Figure 5Complex network analysis of free energy landscapes. (A) Conformation space network. Nodes and links are protein conformations (i.e., microstates, see main text) and direct transitions sampled during the MD simulation, respectively. Node size is proportional to the population of the microstate, whereas link width is proportional to the transitions frequencies, i.e., larger link widths indicate more frequent transitions. Densely connected regions of the network represent rapidly interconverting microstates that belong to the same free energy basin (highlighted by a shaded circle). (B) Simplified example of a two state system. The free energy barrier between the two macro-states is represented by a region of minimum flow in the network (identified by a minimum-cut). (C) Cut-based free energy profile (cFEP). The free energy is projected onto the partition function-based reaction coordinate Z, a projection that preserves the barriers as it takes into account all possible pathways to a reference microstate.46 The solid vertical line indicates the correspondence between the minimum-cut and the highest free energy barrier.
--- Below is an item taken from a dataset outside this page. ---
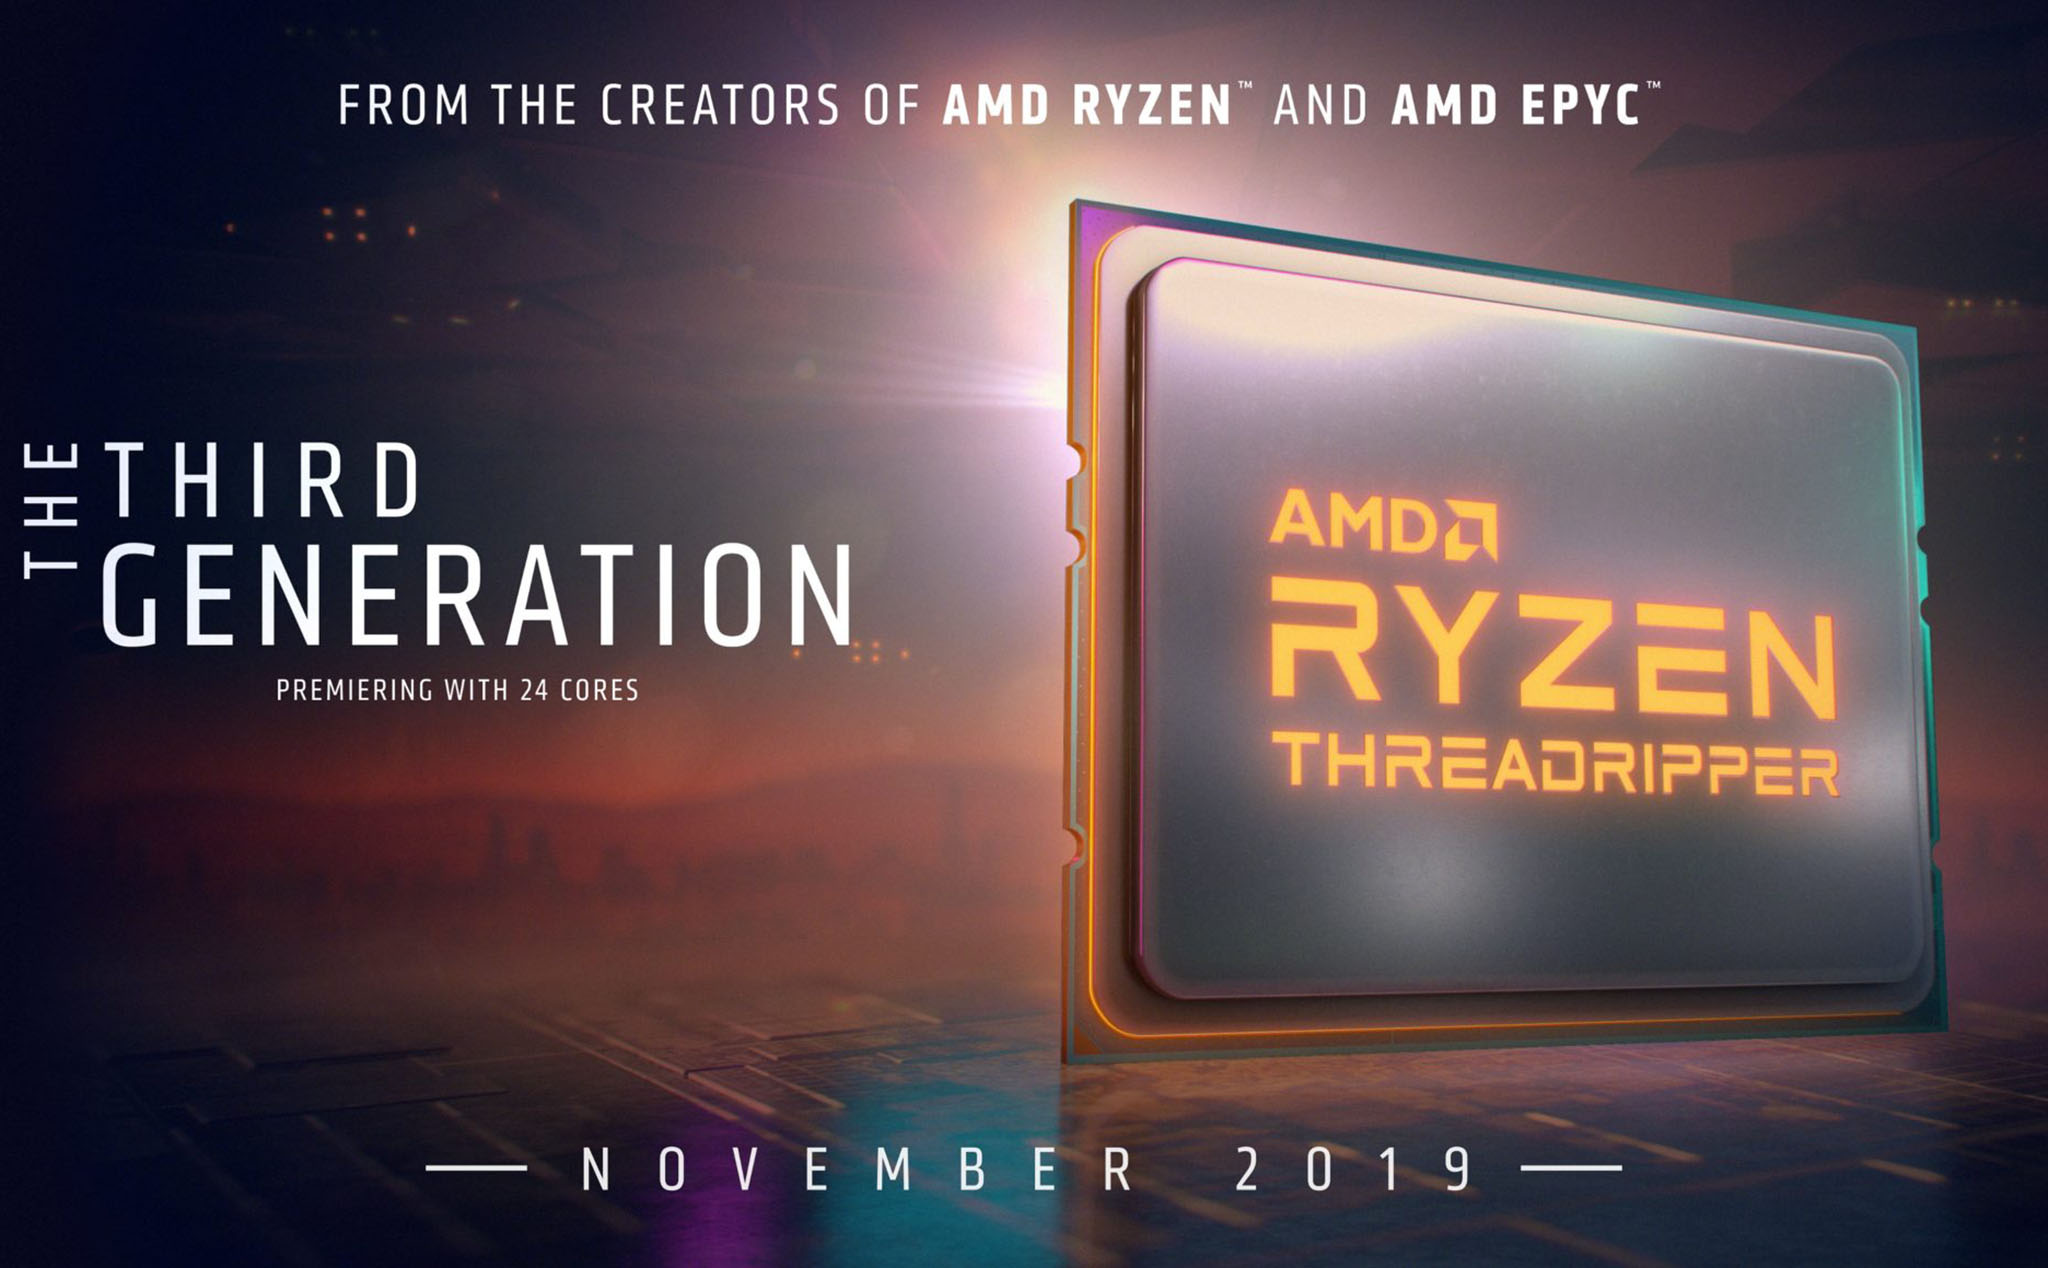 Ryzen Threadripper 3000 series, tối đa 64 nhân sẽ xuất hiện vào tháng 11 cùng loạt chipset mới

Figure 6Network description of MD and evaluation of kinetic distance. The high-dimensional free-energy surface is coarse-grained into nodes of a network. The figure shows a schematic illustration of the transition network of a β-sheet peptide where nodes represent microstates and links represent direct transitions sampled along the MD simulation(s). The size of the nodes and links is proportional to the statistical weight of the microstates and number of transitions, respectively. The cFEP method implemented in Wordom requires a reference microstate. In this simplified illustration, the reference microstate is the large red sphere in the center of the folded state (which is the β-sheet structure, i.e., the basin on the left). The kinetic distance of each node from the reference microstate can be evaluated in Wordom by the folding probability (pfold) or the mean first passage time (mfpt). The kinetic distance is rendered by the continuous coloring from red (folded, i.e., pfold = 1 or mfpt = 0) to blue (unfolded, i.e., pfold = 0 or mfpt = infinity).